Голос становился всё замогильнее, а я смотрел из окна и видел себя бегущим по склону холма для штрафников. Ну ладно, не то чтобы бегущим. Скажем так: «медленно семенящим». Мальчишки-нарушители из Адамса моего возраста, но крупнее, мчались мимо меня, гордые своими проступками, как будто расстояние и нагрузки их вовсе не касались. Издалека видел, как они, недоступные учительскому взору, тайком курили сигареты: спустившись вниз к амбару для танцев или прячась за кустарником. Игнорирование правил служило доказательством того, что школа им ничего сделать не может, – какое бы наказание к ним ни применяли, им дела нет. Ни одному учителю не вздумалось бы сидеть на них. Трудно понять, в чём состояла подобная демонстративная позиция, но я не мог не уважать их за неуязвимость – знал только то, что им просто плевать на всё происходящее с ними. И я сильно сомневался, что хоть когда-нибудь почувствую нечто подобное. Мне далеко не плевать!

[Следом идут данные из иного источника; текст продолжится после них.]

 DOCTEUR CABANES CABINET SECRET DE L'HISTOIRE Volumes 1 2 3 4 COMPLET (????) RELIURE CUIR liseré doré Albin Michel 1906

Голос говорил что-то о чести среди лисиц. Раз уж я смирился с тем, что не являюсь одним из тех сильных неуязвимых мальчиков, то хотел бы хотя бы снискать их расположение, стать чем-то похожим на них. Каким-то образом голос внушил мне, что следует стать смелее.

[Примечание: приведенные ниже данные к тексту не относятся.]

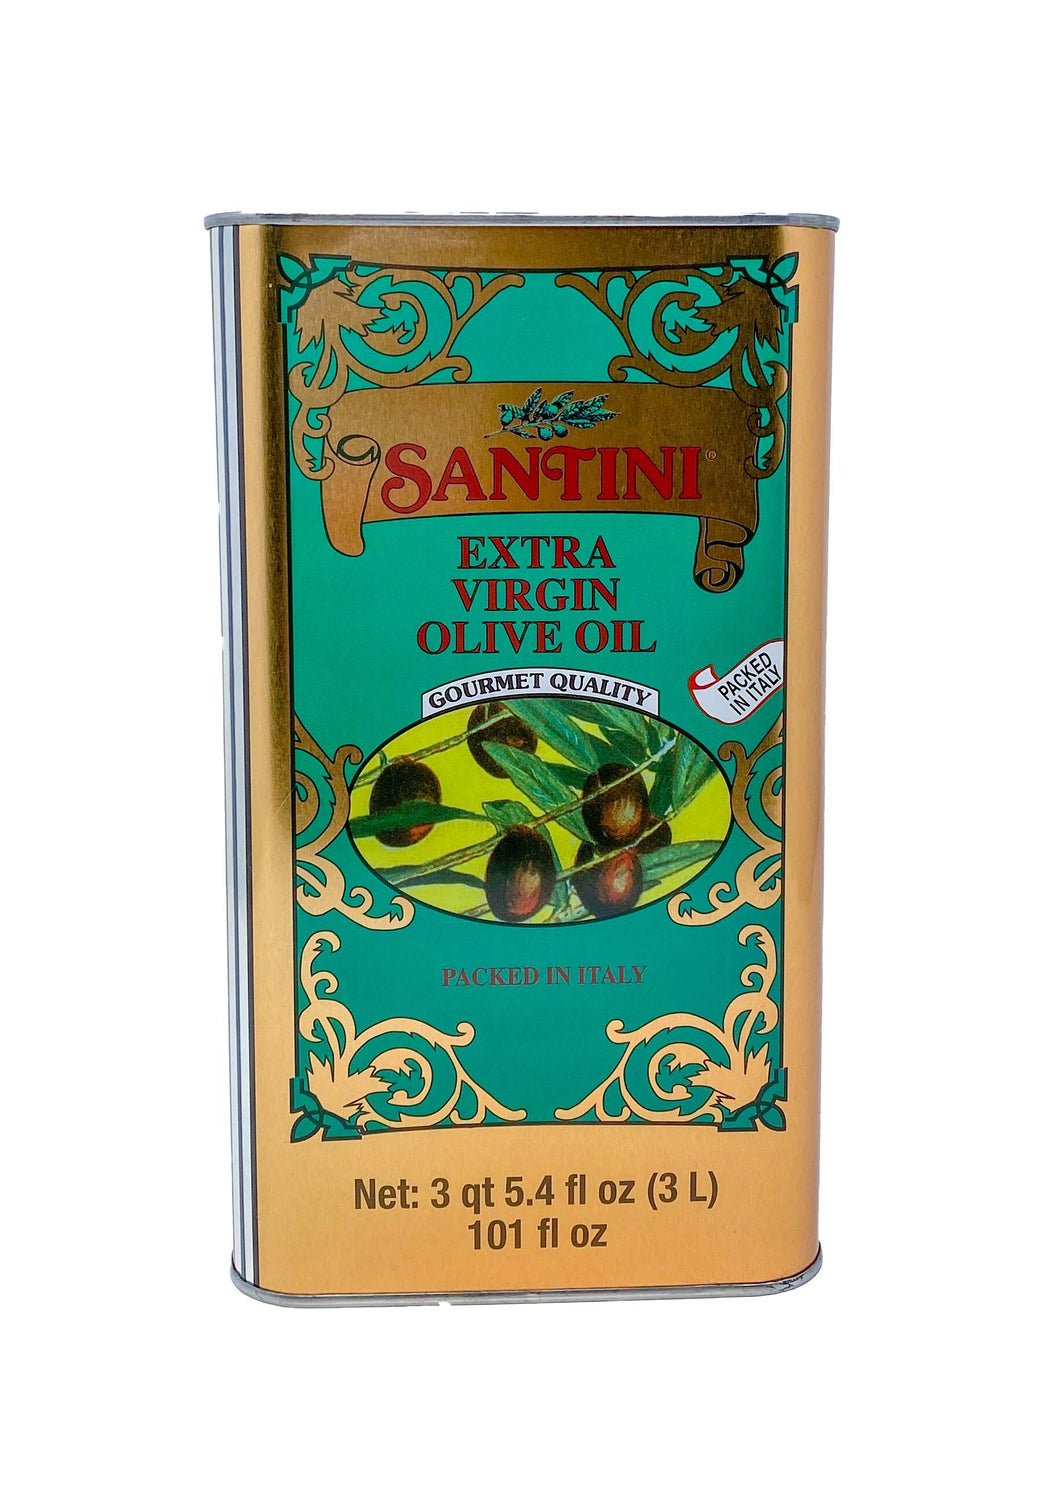 Santini Extra Virgin Olive Oil 3L

Вслед за последней фразой наступила пауза, а потом мама выключила кассету.
– Это Дилан Томас, – объяснила она. – А стихотворение называется «Папоротниковый холм». Оно у него самое известное. Что, понравилось?
Я кивнул. Даже если мама не могла помочь мне сама, то всё равно дала целебный бальзам в виде стихов этого странного поэта, с его незнакомым акцентом, серьёзностью голоса, насыщенностью, глубиной эмоций.

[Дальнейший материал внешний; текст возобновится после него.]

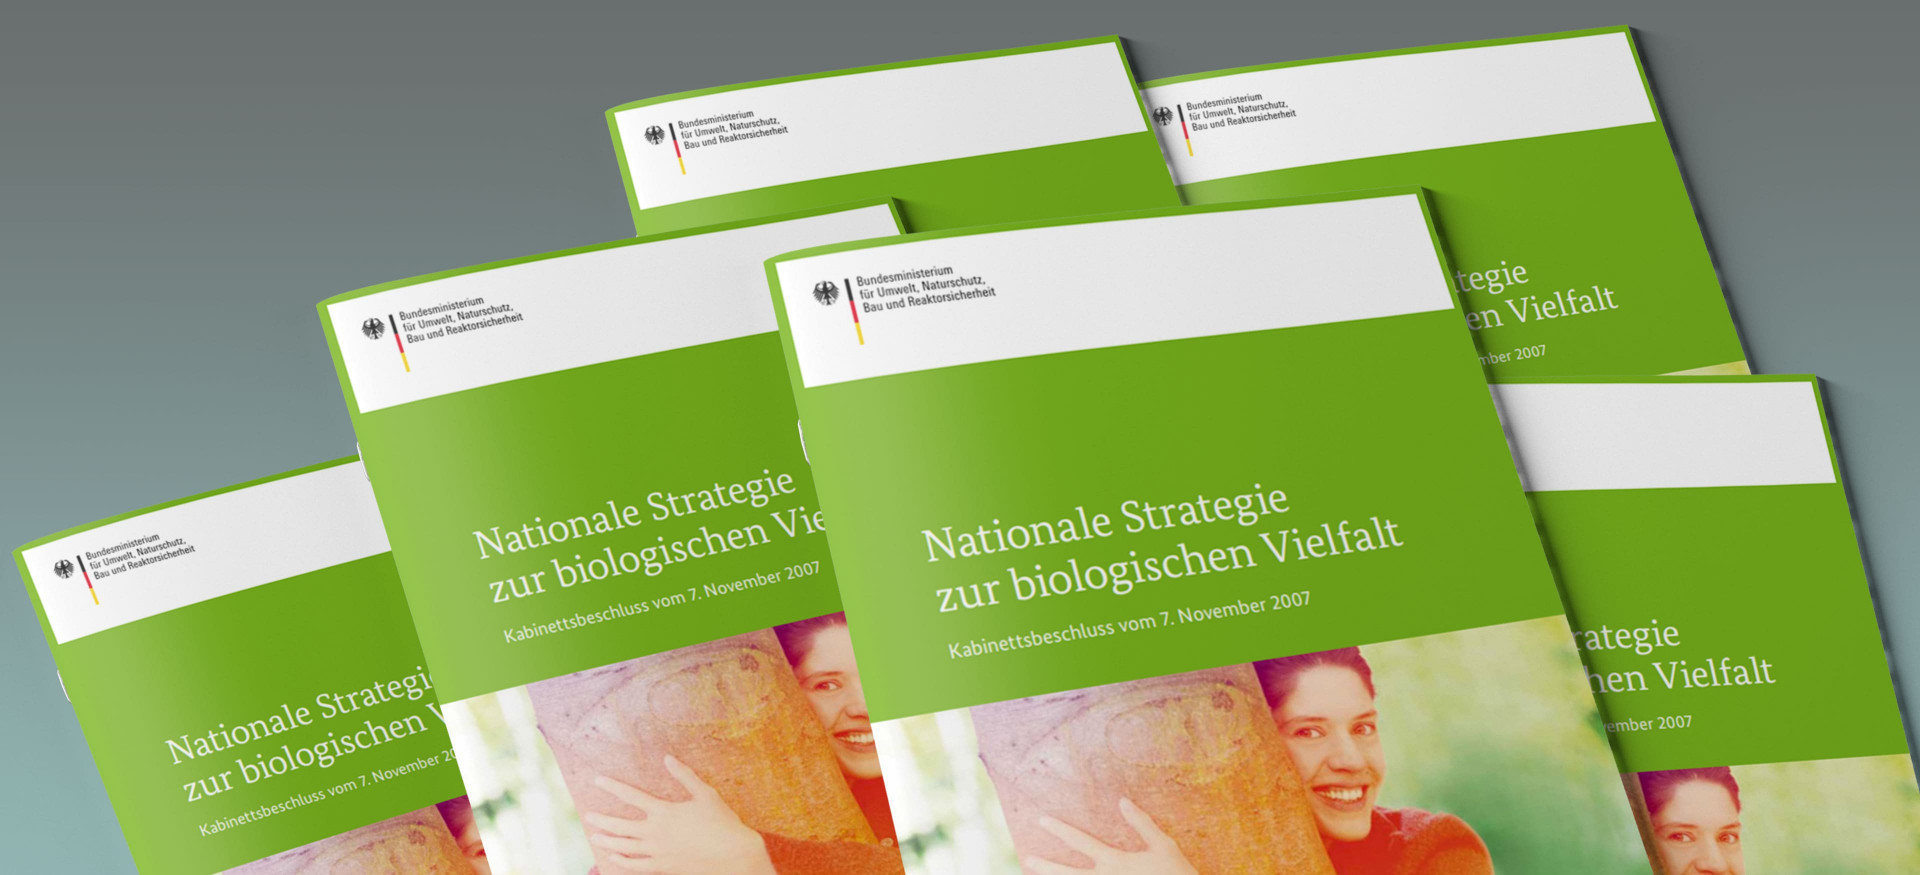 Das Bild zeigt einen Stapel Broschüren mit dem Titel "Nationale Strategie zur biologischen Vielfalt".

– Никогда раньше не слышал ничего подобного. Из какой он страны? – спросил я. Но прежде чем мать успела что-то ответить, мне пришлось выпалить ещё один вопрос: – У меня нормальный вес? Я не слишком худой? Со мной что-то не так? Она посмотрела в зеркало заднего вида, поправляя очки на носу, как будто тянула время, чтобы хорошенько обдумать ответ. Затем улыбнулась.
– Конечно, нет, Джон. Кто тебе такое сказал?
– Никто… – буркнул я. Дальше мы ехали молча. Вот тогда и настал подходящий момент, чтобы рассказать, что со мной сделал Макэнери. Но я не решался, хотя подробности произошедшего так и рвались наружу. Я боялся расплакаться, что стало бы равносильно страшному предательству самого себя, поэтому сменил тему.
– Что у нас на ужин? – спросил я. Мама не ответила, и мы продолжили ехать молча в защитной оболочке машины.
Наш дом построили на вершине холма, возвышавшегося над бульваром Таконик Парквэй, где-то в начале 1900-х годов. Семейная легенда гласит, что там находилась лаборатория по исследованию рака, принадлежавшая овдовевшему врачу, чья смерть наступила за несколько лет до того, как дом забросили. Когда отец купил строение, оно представляло собой «дефолтную недвижимость с потенциалом». Когда родители впервые взяли меня туда, раковины и мойки всё ещё прикреплялись к стене той комнаты, где позже мы стали завтракать. Всё выглядело как ужасающее место с индустриальным духом, провонявшее сильнодействующими химикатами. Даже снаружи дом с его штукатуркой казался неприветливым и недружелюбным. Мать два года занималась отделкой дома, прежде чем он превратился в комфортабельное семейное гнёздышко. Мы переехали туда незадолго до того, как родилась моя сестра Эйлин – третий ребёнок в семье.